Москва ищет свое место в Центральной Азии.
После распада СССР Центральная Азия никогда не была серьезным приоритетом российской политики. Даже предложение президента Казахстана Нурсултана Назарбаева о создании Евразийского союза, за которое России по логике следовало бы ухватиться, зависло на долгие 17 лет. Изменение подхода в последние пять лет связано с общим сдвигом мировой политики на юг и восток. Рост Китая, волна исламизма, укрепление региональных держав (Турция, Иран) вывели Центральную Азию из захолустья. Потеря Украины заставила Россию не просто взяться за старую идею Назарбаева, но и наполнить ее именно евразийским содержанием.

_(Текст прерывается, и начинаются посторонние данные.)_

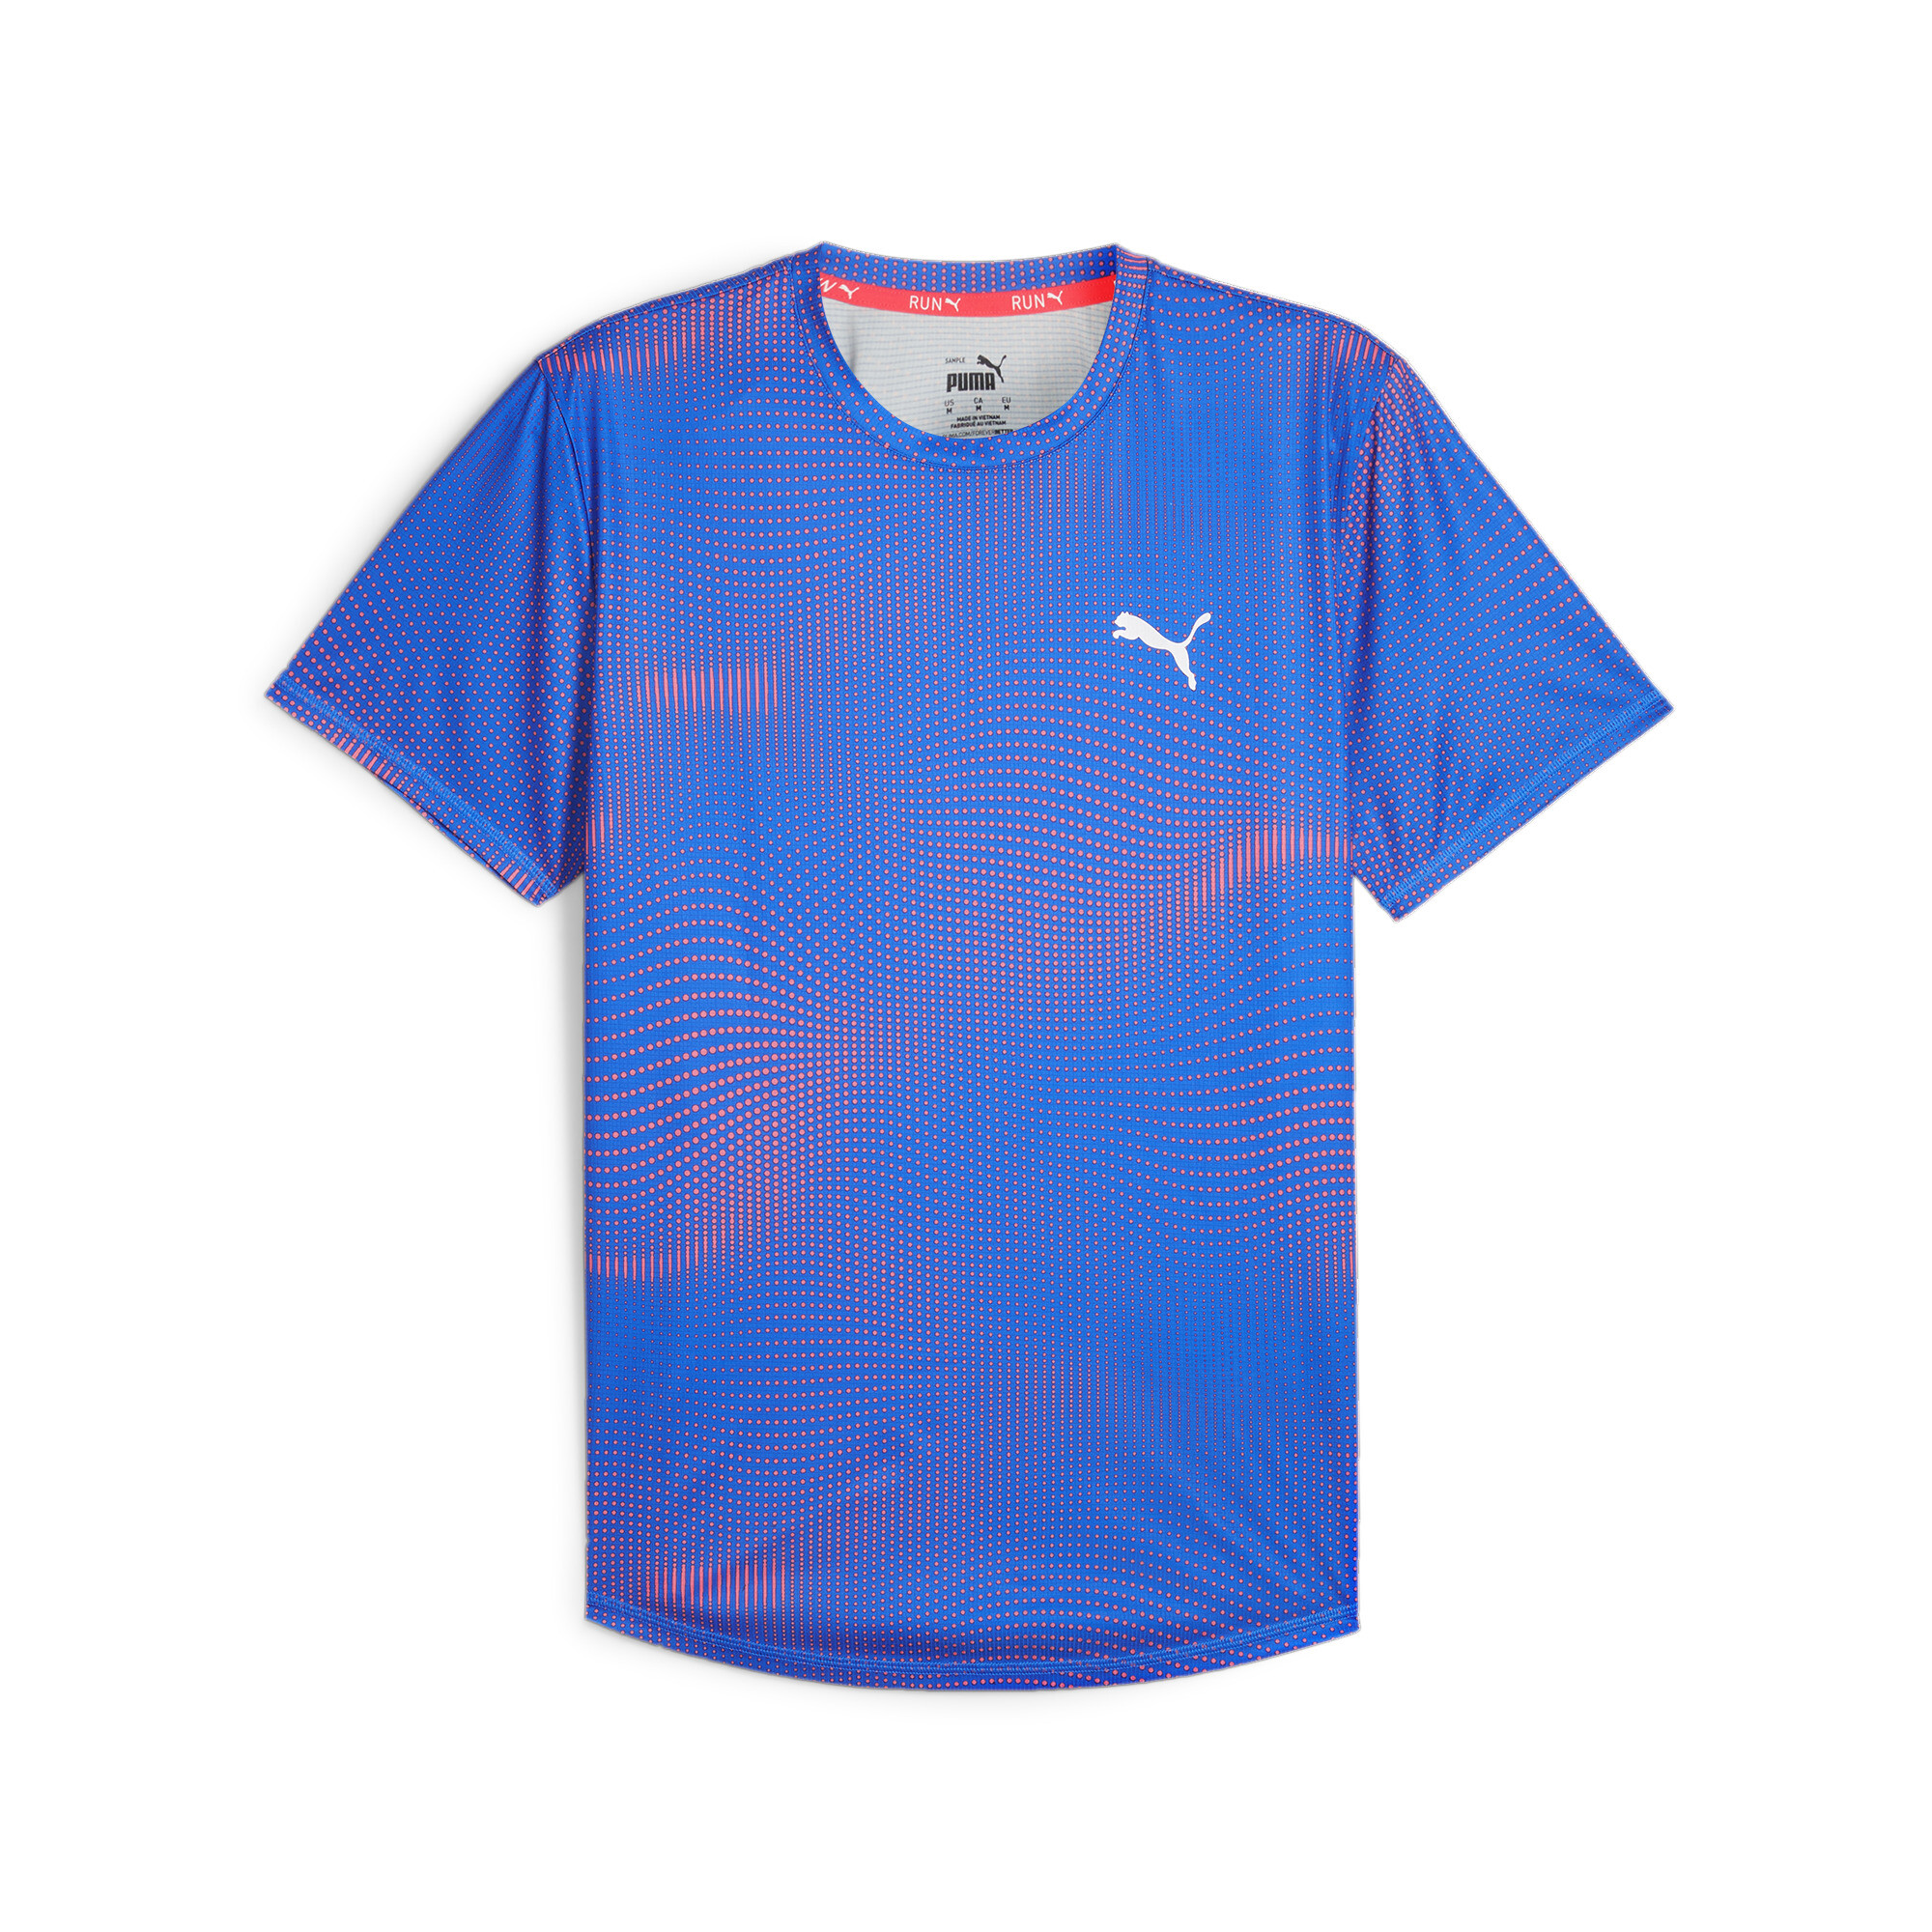 Men's Puma Run Favourite's T-Shirt, Blue, Size M, Sport

Центральноазиатский регион будет все чаще попадать в сводки новостей. Социально-политическая стабильность трещит. Массовое нападение на казармы и оружейные магазины в казахстанском Актобе (менее 300 км от российского Оренбурга) в июне, месяцем раньше беспорядки из-за земельного вопроса — свидетельство качественных изменений. Падение цен на нефть ударило по России и Казахстану, а Киргизия, Узбекистан и Таджикистан зависят от перечислений трудовых мигрантов из этих двух государств. Неопределенность с будущим обсуждается все громче, ни в Астане, ни в Ташкенте нет наследника или механизма преемственности.

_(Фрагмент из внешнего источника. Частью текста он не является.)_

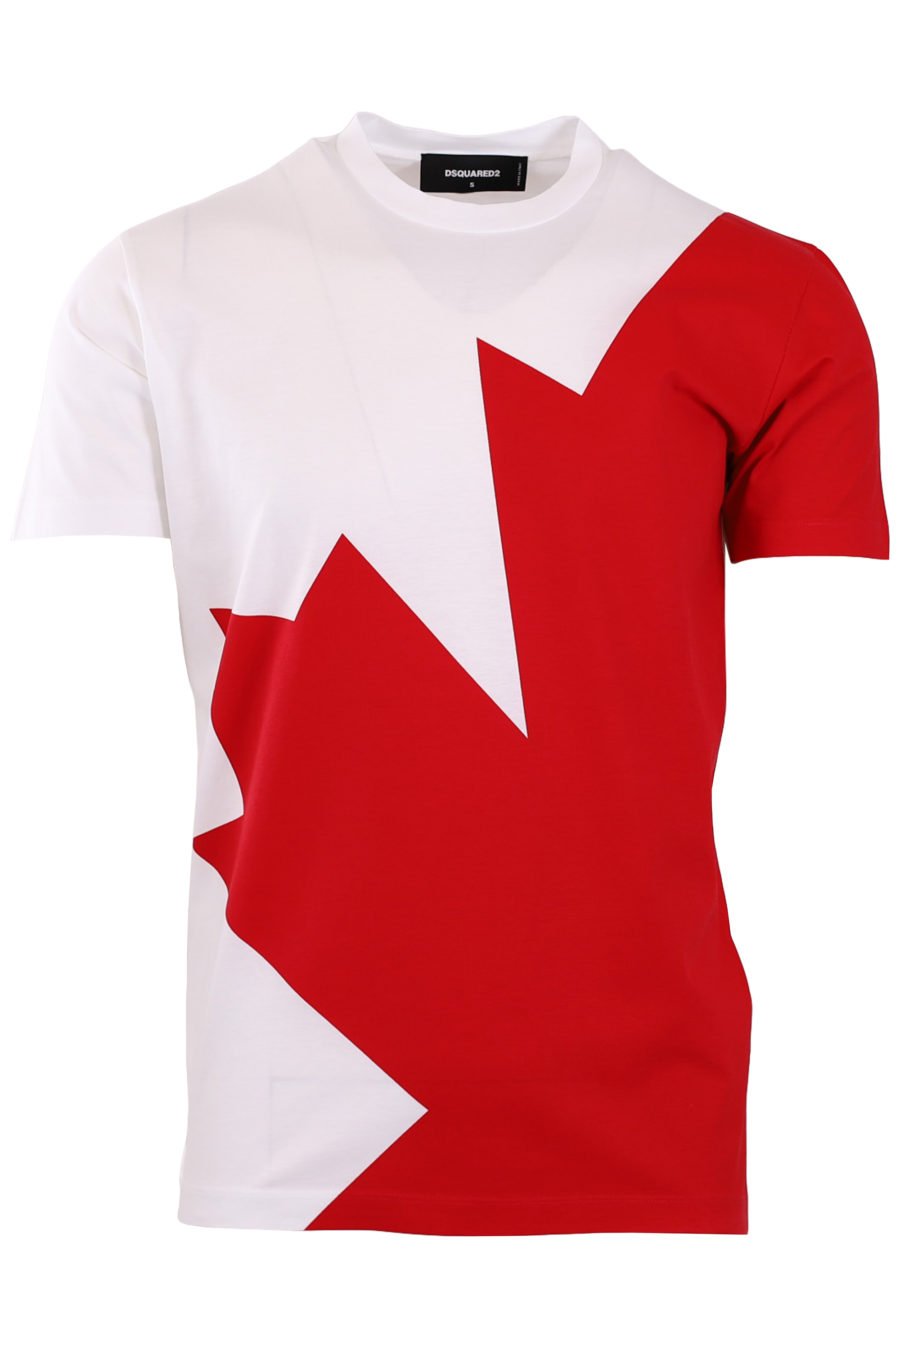 Camiseta blanca con estampado rojo - da32f0cf28db0518d8db01a512e75b9cd5d22fb3

У стран региона был опыт и подавления мощных антиправительственных выступлений (Андижан, 2005), и плавной смены жесткой авторитарной власти (Туркмения, 2007), и восстановления управляемости после краха режима (Киргизия 2005, 2010), и даже национального строительства после гражданской войны (Таджикистан). Однако сейчас другой контекст. Многие комментаторы опасаются, что обстановка созрела для тамошней «арабской весны». Как полагают эксперты (Тимофей Бордачев в недавней Валдайской записке), Центральная Азия может оказаться для поклонников халифата, которых выдавливают из Леванта, перспективнее, чем Северная Африка (Ливия), к которой легче стянуть военные силы.
Москва, кажется, озабочена риском дестабилизации с юга, например перетеканием из Афганистана, больше, чем сами столицы региона. Впрочем, как противостоять угрозе, доподлинно неизвестно. ОДКБ (Организация Договора о коллективной безопасности) — военный альянс, нацеленный на защиту от внешнего нападения. Но возможный сценарий кризиса — не массированная атака извне, скорее инфильтрация проповедников и боевиков в случае внутреннего социально-экономического взрыва. Толпы праздношатающейся молодежи в Душанбе или Бишкеке составят критическую массу, которую нужно только воспламенить. Едва ли силы ОДКБ или тем более ВС России займутся подавлением массовых беспорядков в суверенном государстве.
С 2013 года в игре появился новый участник — Китай. Инициатива Си Цзиньпина об Экономическом поясе Шелкового пути обещает крупные вложения в региональную инфраструктуру. Но КНР, несмотря на стремительный подъем международной роли, как от огня шарахается от любых мер обеспечения безопасности. Так что альтернативы России в этом плане нет.
Популярное мнение гласит, что Москва и Пекин неизбежно сойдутся в клинче за Центральную Азию. Россия, мол, привыкла видеть ее своим «задним двором» и терпеть рост китайского влияния не будет. Однако, если следовать здравому смыслу, конкурировать не за что. Главная проблема там — отставание в развитии, что генерирует и угрозы. Развитие невозможно без больших инвестиций, инвестиции — без гарантий безопасности. У КНР есть деньги, у России — военно-политический ресурс. Каждое в отдельности не работает, вместе — есть шанс.
Центральная Азия — полигон, на котором Москва может опробовать модель поведения, которая больше соответствует устройству современного мира. Россия привыкла к имперскому варианту — эксклюзивный контроль и недопущение присутствия других великих держав. Однако во взаимозависимом мире переплетающихся группировок эксклюзивность непродуктивна. Крупные страны стремятся разделить ответственность, малые — воспользоваться наибольшим количеством возможностей. С Западом взаимопонимание у России не задалось, с Китаем пока еще нет негативного опыта, зато есть большой интерес договориться. Центральная Азия — самый естественный предмет для этого.